Cultivating the Intellectual Discipline of Empathy: How We Hear the Narratives of Others

Posted: 3 December 2012 in Faith and Life

This post (with minor modifications) was published by the Davis Vanguard (a local newsblog in my town)

I attended a community gathering in our town on Saturday called “Breaking the Silence of Racism”—an uncomfortable event in which we told and listened to painful stories with our neighbors in our and other cities in our county. As I listened to the vignettes (each speaker was limited to about 3 minutes to share their stories), I began to consider not just the content of each but how each struck me in terms of how “real” they sounded to me.  In other words, I began to examine how I was hearing the stories.

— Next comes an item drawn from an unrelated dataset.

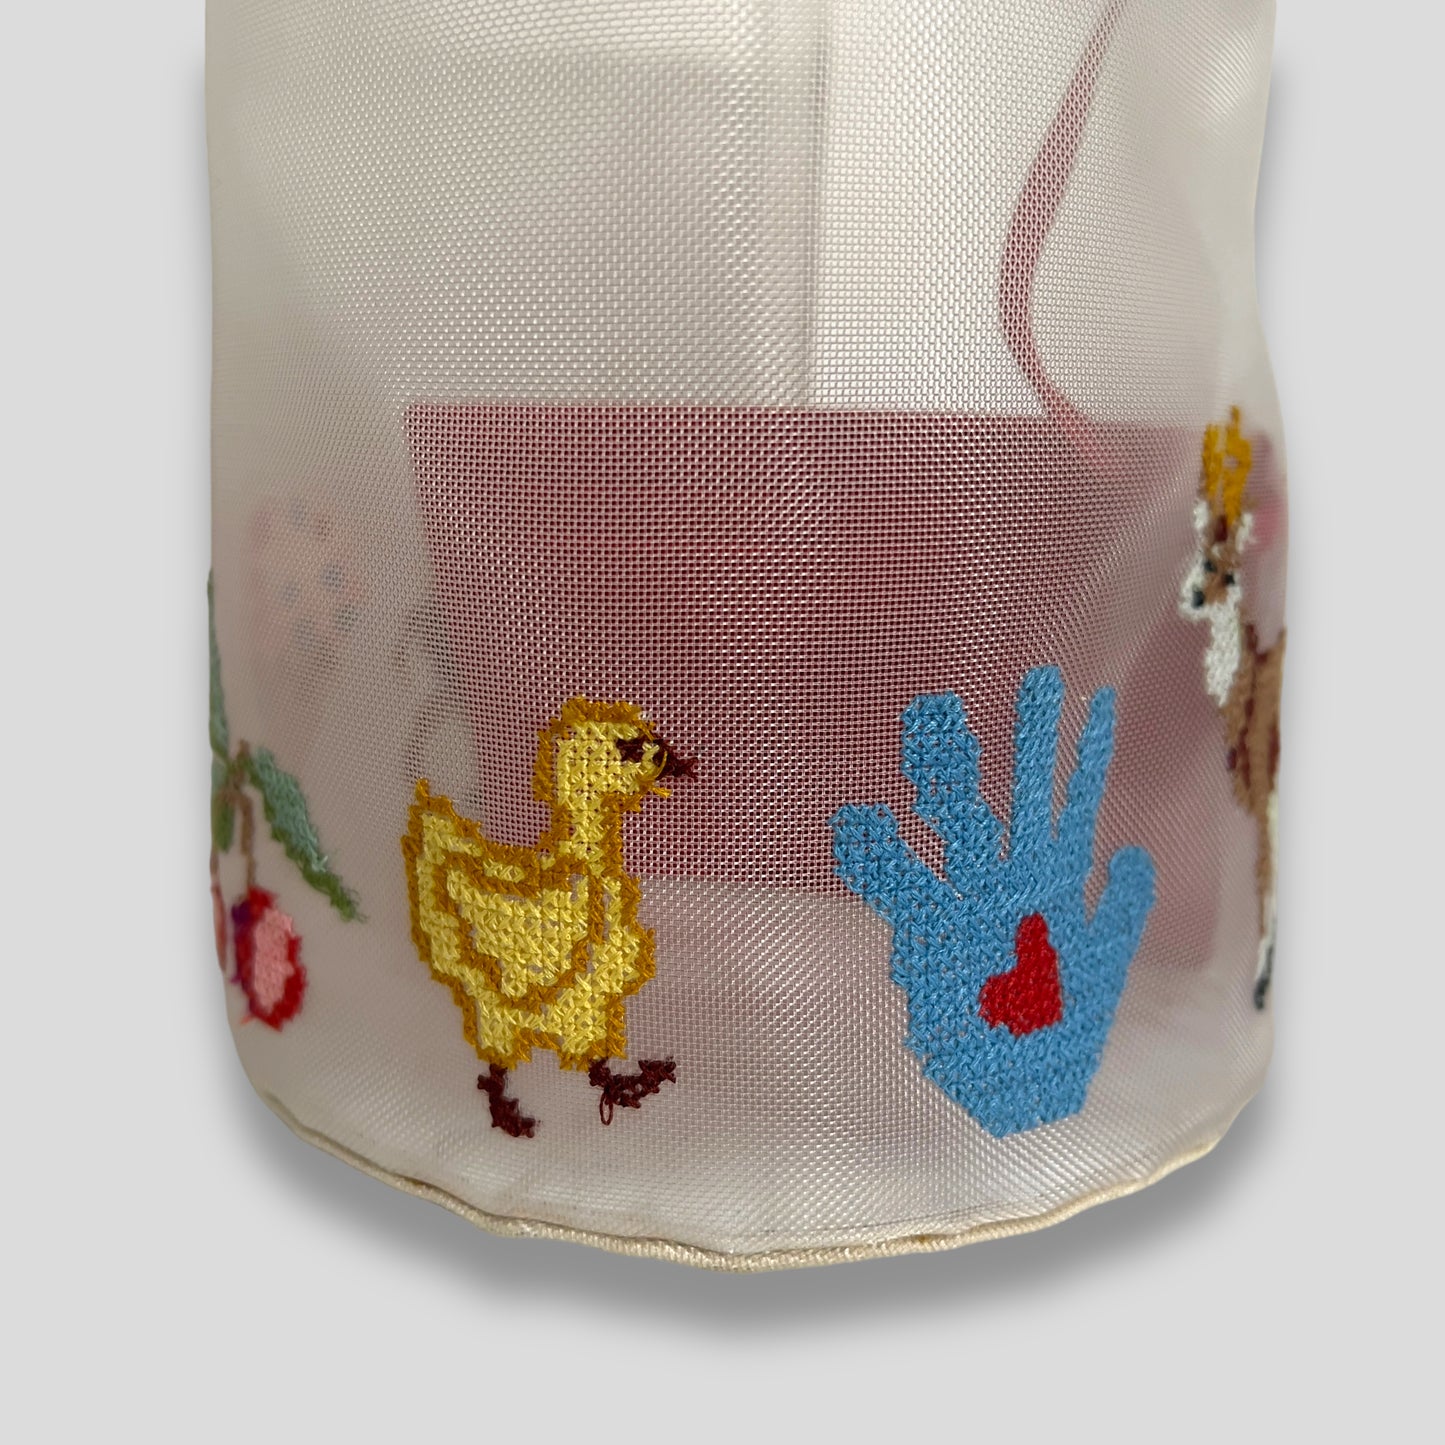 Miu Miu 1998 embroidery bag
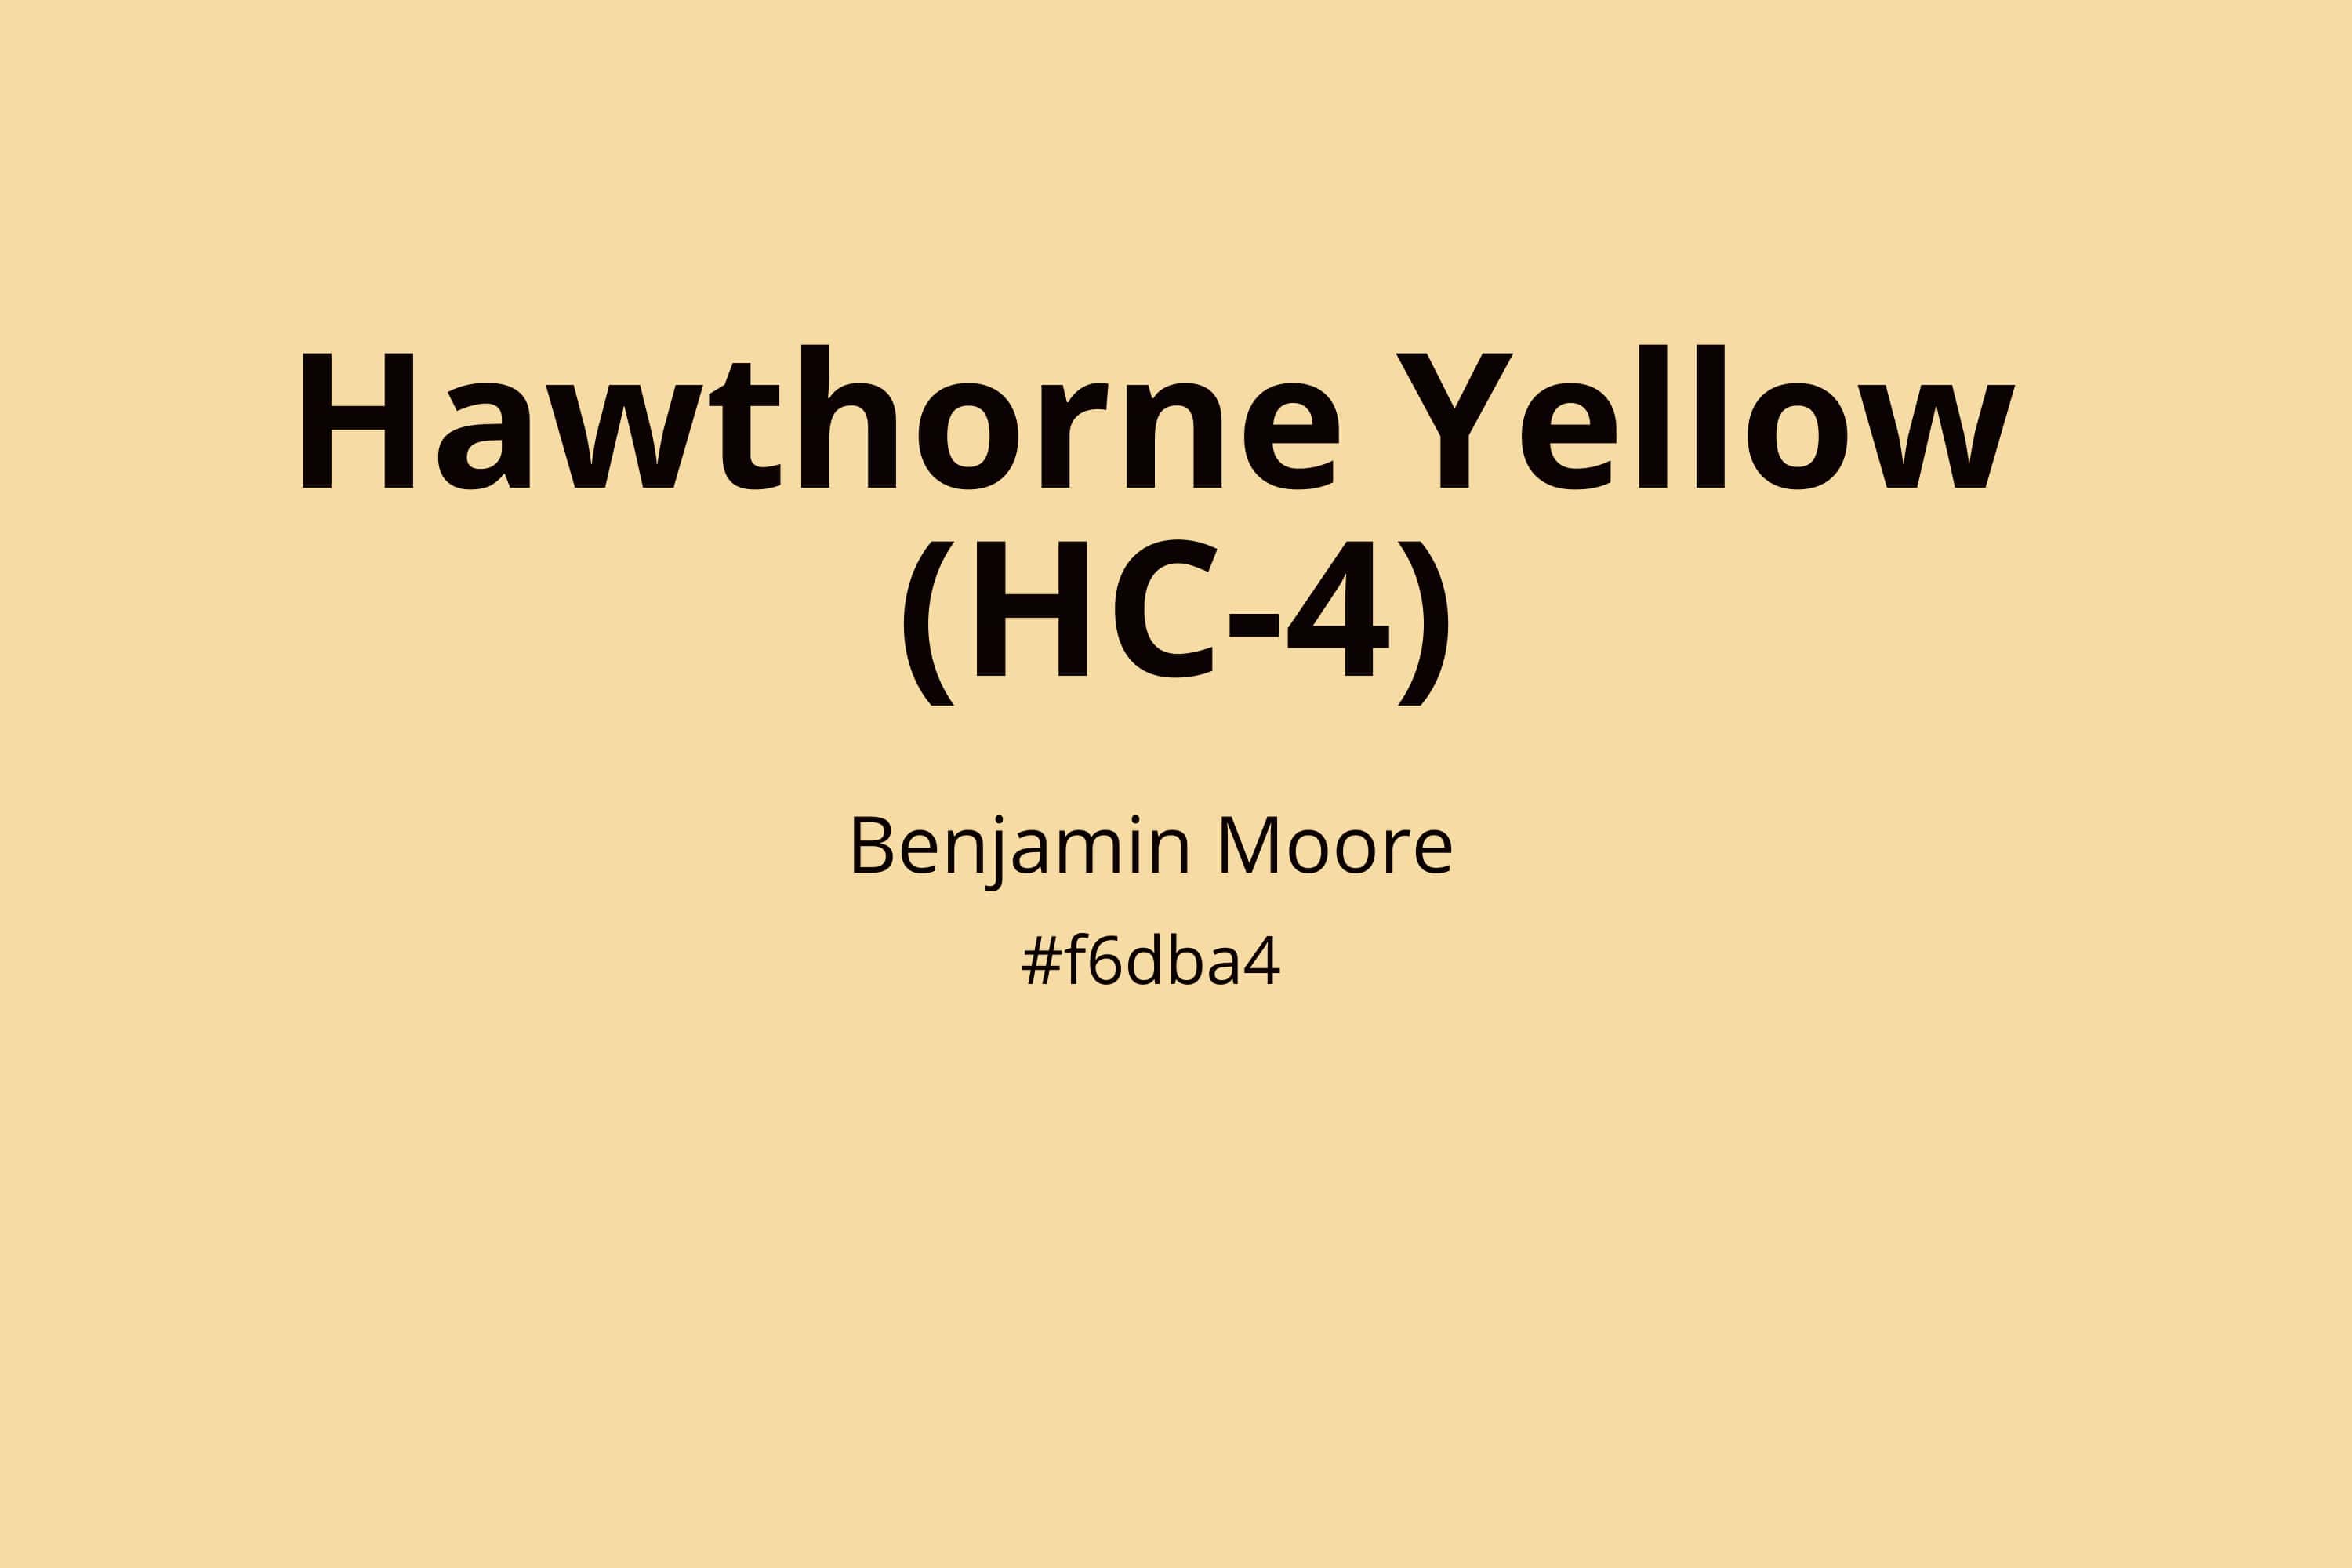 Benjamin Moore Hawthorne Yellow (HC 4)

When I heard the story of a white man my age (a man I know and respect) about how his biracial grandchildren were verbally abused in by students in the local school system, my throat clenched and my heart raced.  As the man nearly broke down, I felt I might do the same.  As a grandfather of two (very young) biracial grandchildren I could feel his hurt, anger and confusion and I accepted both the validity of his story and the pain that went with it.

But what of the stories of the Hispanic mothers who told of their confusion and doubt about whether the county criminal system could offer their sons justice or whether they might be treated differently if they were white?  What of the story of a leader in the Hispanic community who questioned whether a white young man would have been shot for fleeing from police during a stop for which there was no apparent motive (or whether a young white man would have even been stopped)?  How did I hear these stories?

In the first case my life experience had prepared me to receive and validate the story.  And the second case?  Well, in fact, there was a kernel of a story tucked deep in the back of my mind that was finally dredged to the surface as I sat there and heard the stories of doubt and anger about our local legal system.  So… here is my narrative and how it conditioned my ability to hear:

I was raised in rural Pennsylvania and taught from a young age that I could trust the police—that they were there for our protection.  In fact, my mom used to tell me when we took the (rare) trip to the “city” that if I ever got separated from her I should simply find a policeman who would help and protect me and get me back to her.  I never had any reason to doubt the fundamental goodness of the police.

And then, when I was 18, on a rainy Sunday morning on a slick back road my car slid across the yellow line head-on into an oncoming vehicle.  Though not badly hurt I was taken to a hospital where I learned that a woman in the other car had died.  Soon after ,the police showed up, read me my rights and began to ask me questions—kindly, sympathetically.  I answered all of them through tears and in the end simply broke down in the arms of one of the officers and said something like “it was my fault, I slid into them.”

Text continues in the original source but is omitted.